Looking ahead

Medical school strategic plan embraces a global perspective

The School of Medicine is on implementing its strategic plan, including expanding the reach of the Tufts University Science Knowledgebase (TUSK), creating curricular opportunities for students to gain a global perspective in medical practice and developing a health sciences campus master plan.

TUSK, widely regarded as the nation’s most advanced and comprehensive online educational database in the health sciences, is earning attention in this country and abroad. It has been exported to three U.S. medical schools—New York Medical College, Boston University and the University of Hawaii—and to Kenya and Tanzania. New York University and Makerere University in Uganda will launch TUSK later this year.

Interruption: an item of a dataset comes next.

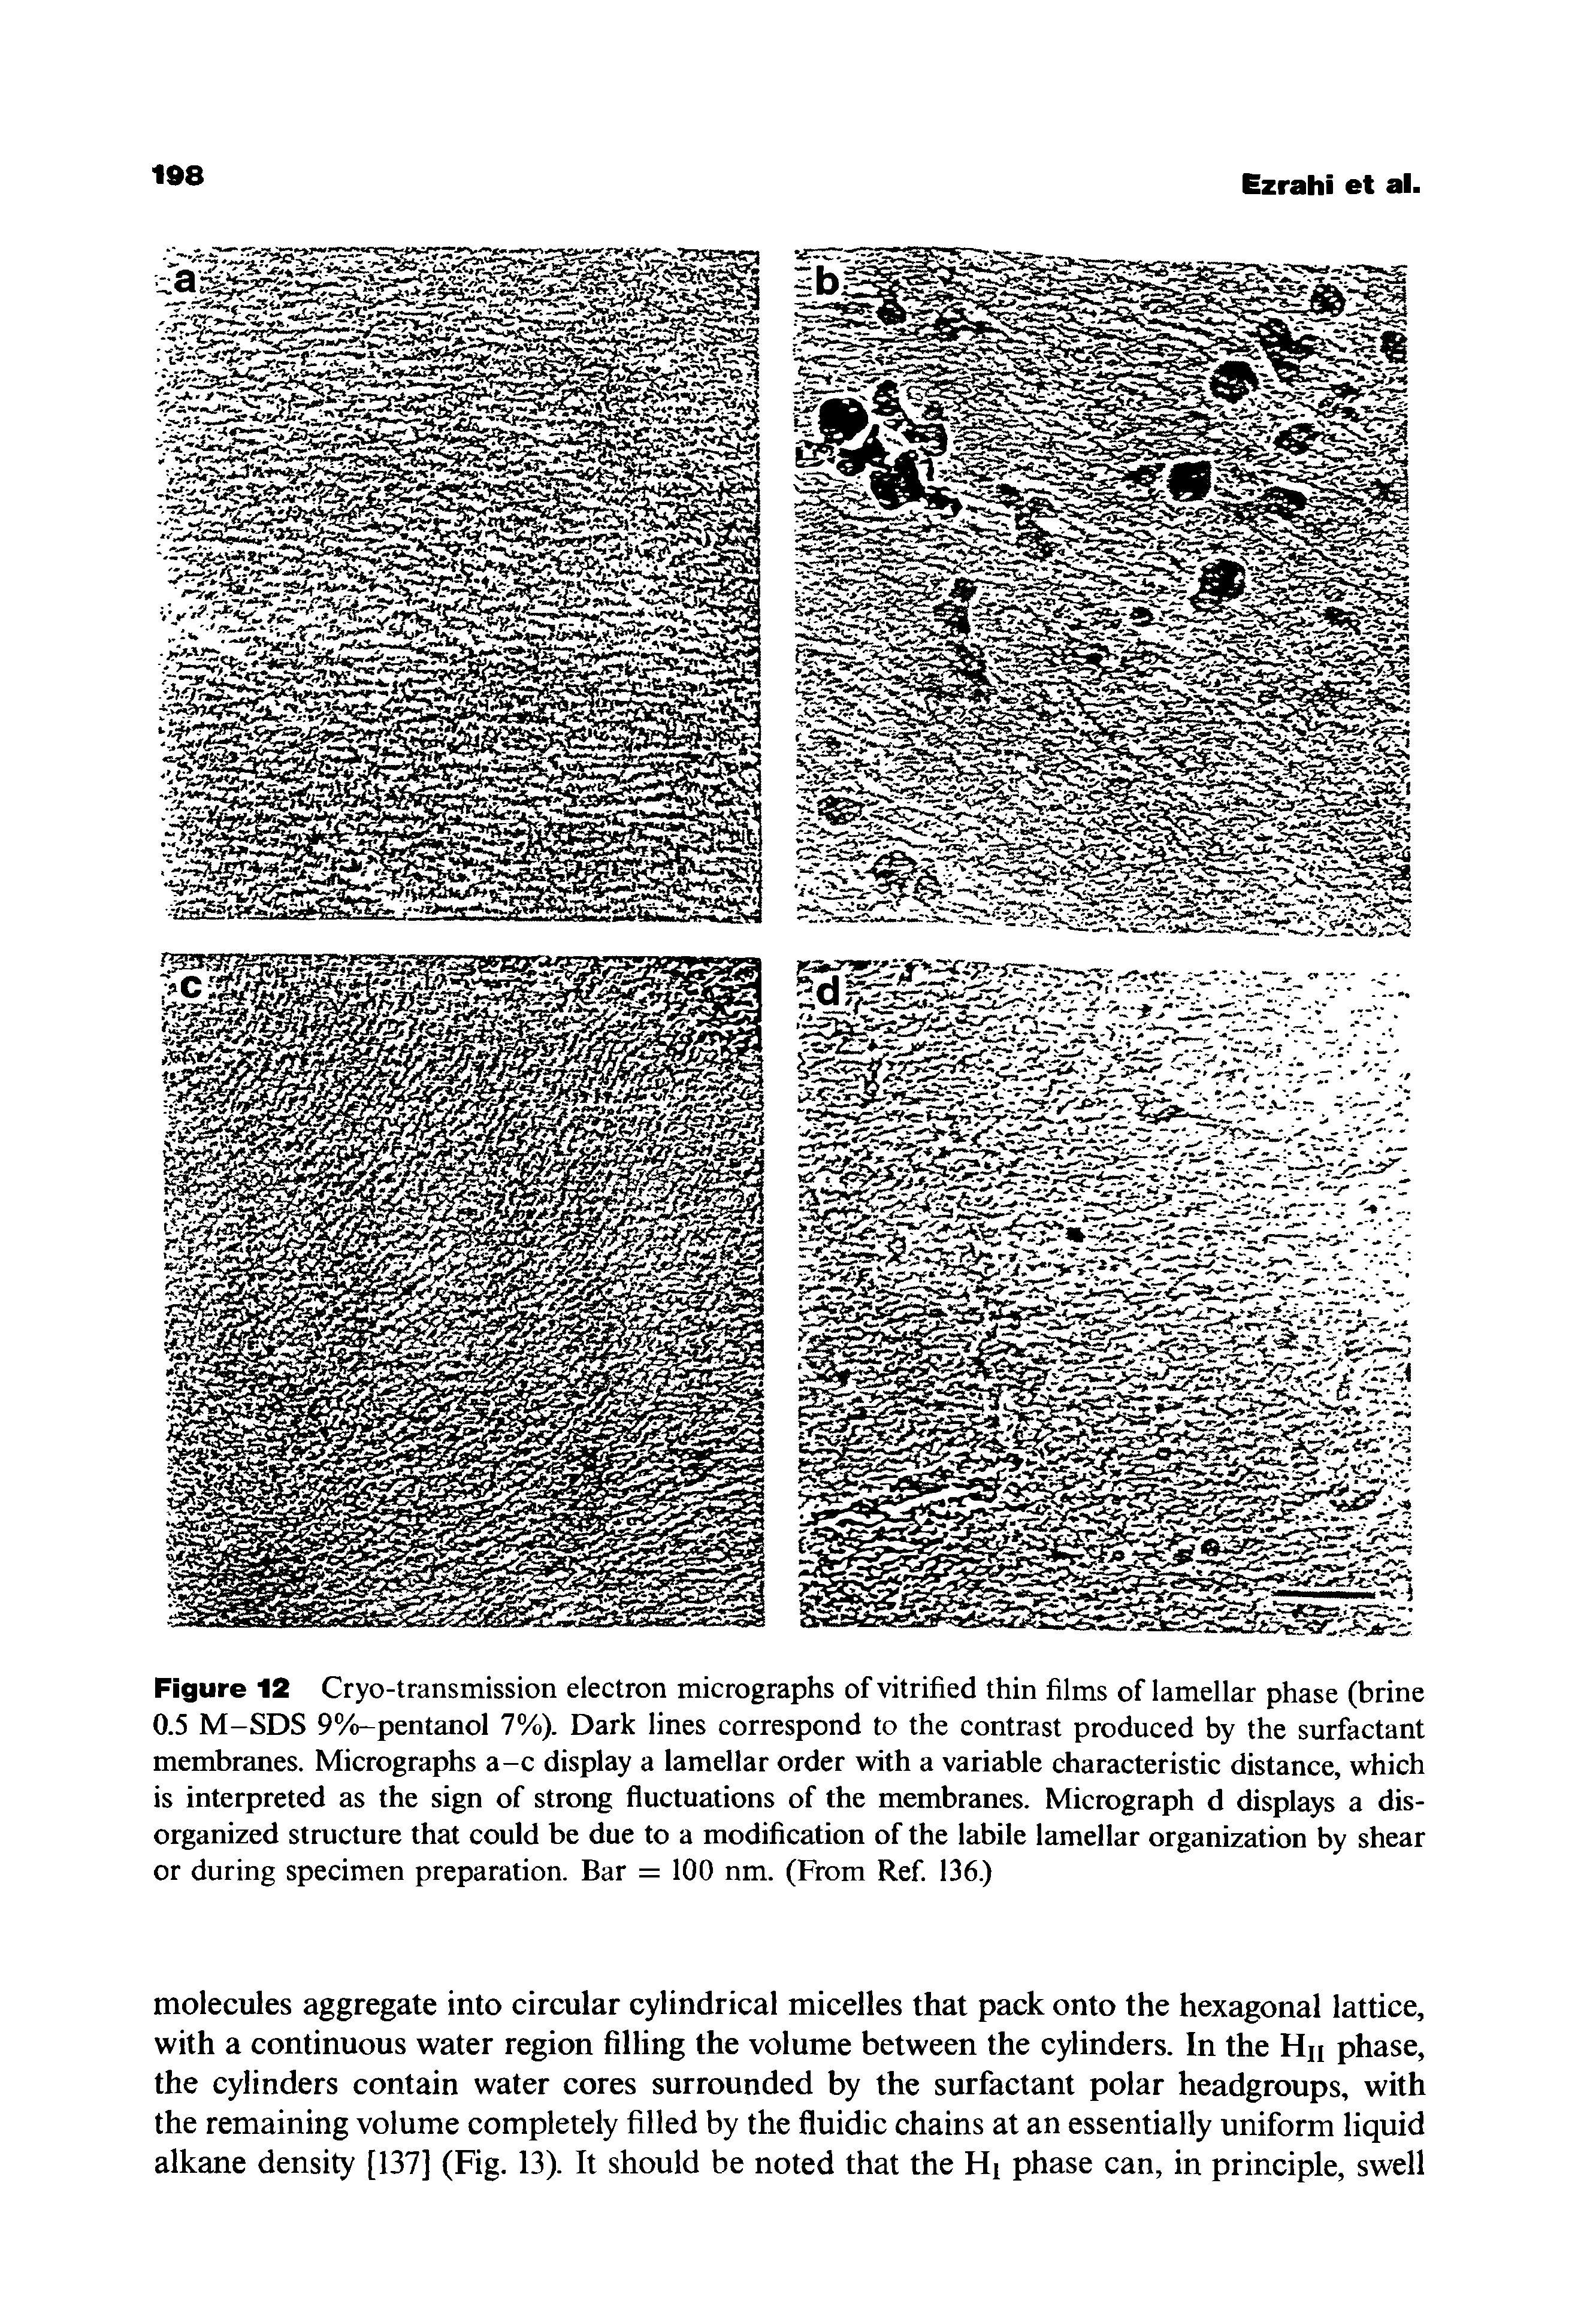 Figure 12 Cryo-transmission electron micrographs of vitrified thin films of lamellar phase (brine 0.5 M-SDS 9%-pentanol 7%). Dark lines correspond to the contrast produced by the surfactant membranes. Micrographs a-c display a lamellar order with a variable characteristic distance, which is interpreted as the sign of strong fluctuations of the membranes. Micrograph d displays a disorganized structure that could be due to a modification of the labile lamellar organization by shear or during specimen preparation. Bar = 100 nm. (From Ref. 136.)...
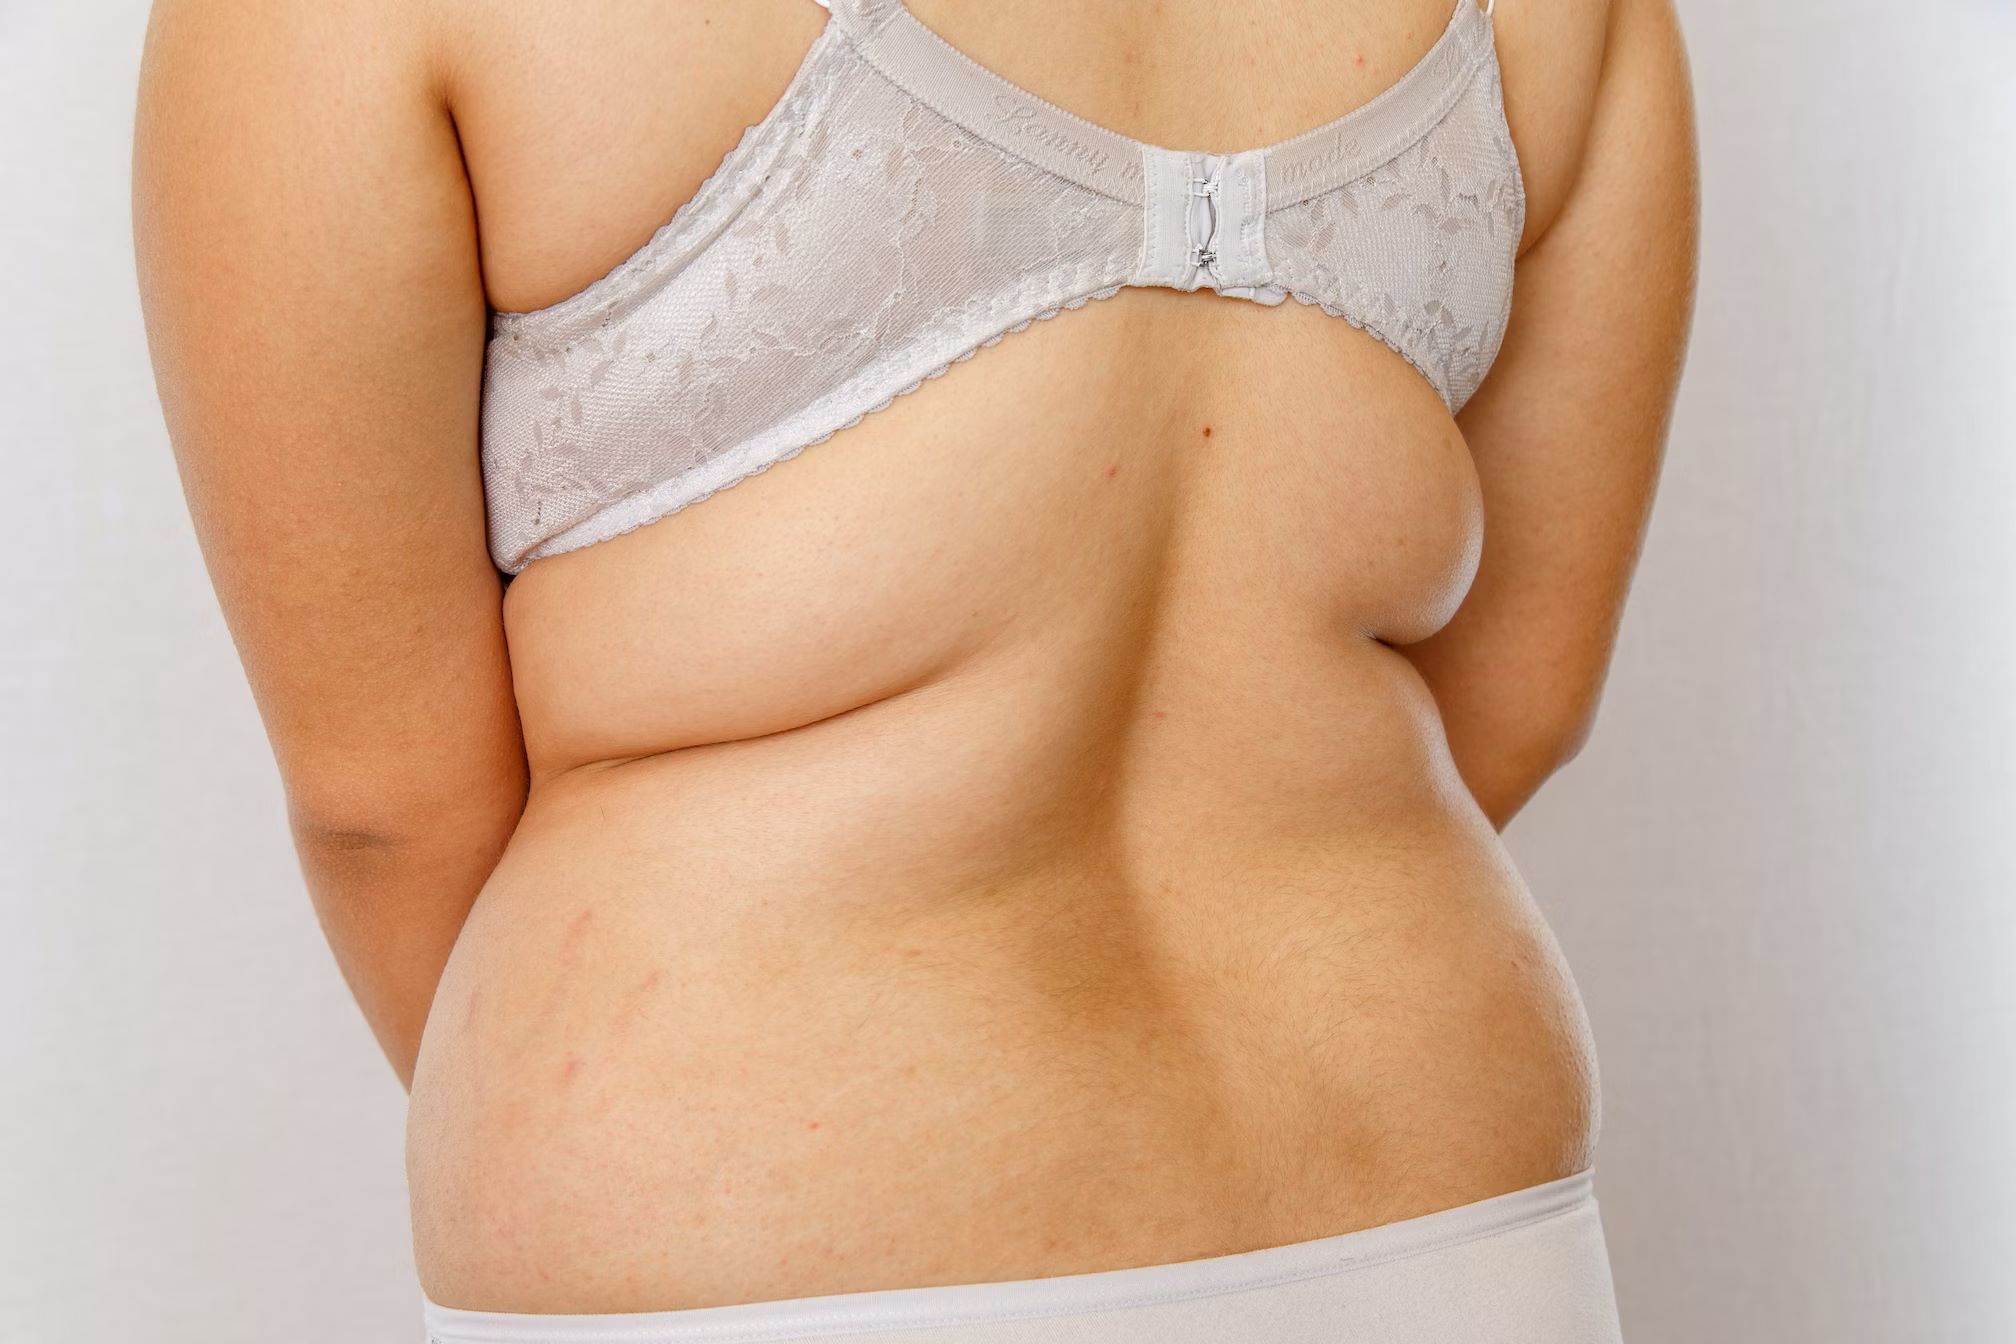 Say Goodbye To Those Pesky Fat Rolls Under Your Breasts With These Genius Tricks!

Twenty first-year medical students will travel overseas this summer to gain experience in public health, primary care and tropical medicine. Through the generosity of Judith and Stephen Wolfberg and funding from the National Institutes of Health and the Hickey-Peyton International Travel Fellowship, the students will receive grants to cover airfare and living expenses when they go to Panama and Mangalore, India. Student stipends are also available for travel to Uganda and Tanzania.

The school has forged an exchange agreement with Father Muller Medical College in Mangalore. The college’s main teaching hospital is a 1,050-bed, multi-specialty hospital with three-quarters of its beds set aside for indigent patients. Tufts medical students will have an opportunity to gain insight into a different health-care delivery system.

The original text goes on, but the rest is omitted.